[DIRECTIONS FOR THIS TASK] In the material below, find the line that contains "USB 3.0 Hub, 4 Port, Aluminiumgeh�use" and the line that contains "Die Krise des", then write out exactly those two lines and everything between them.

[PROVIDED ENTRIES]
========

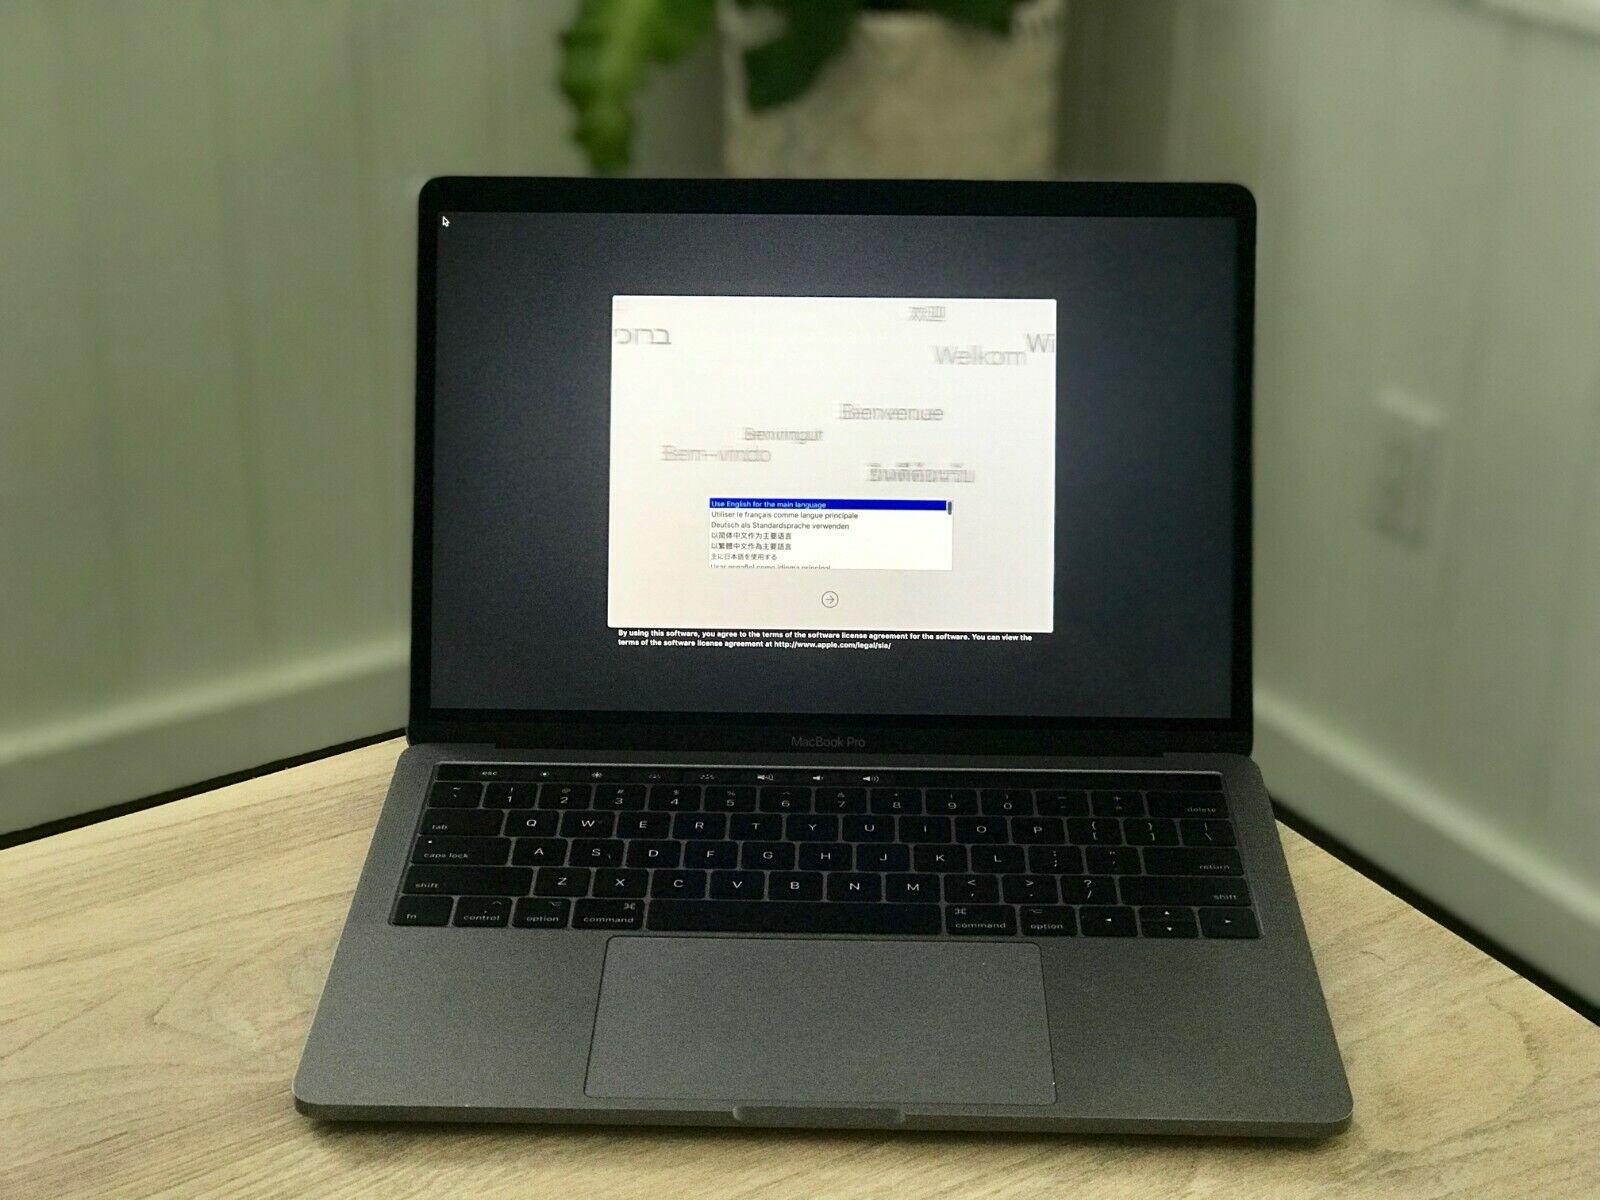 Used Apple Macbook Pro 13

========

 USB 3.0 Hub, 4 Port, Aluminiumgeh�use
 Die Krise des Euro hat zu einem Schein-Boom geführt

========

[WRITTEN ANSWER]
 USB 3.0 Hub, 4 Port, Aluminiumgeh�use
 Die Krise des Euro hat zu einem Schein-Boom geführt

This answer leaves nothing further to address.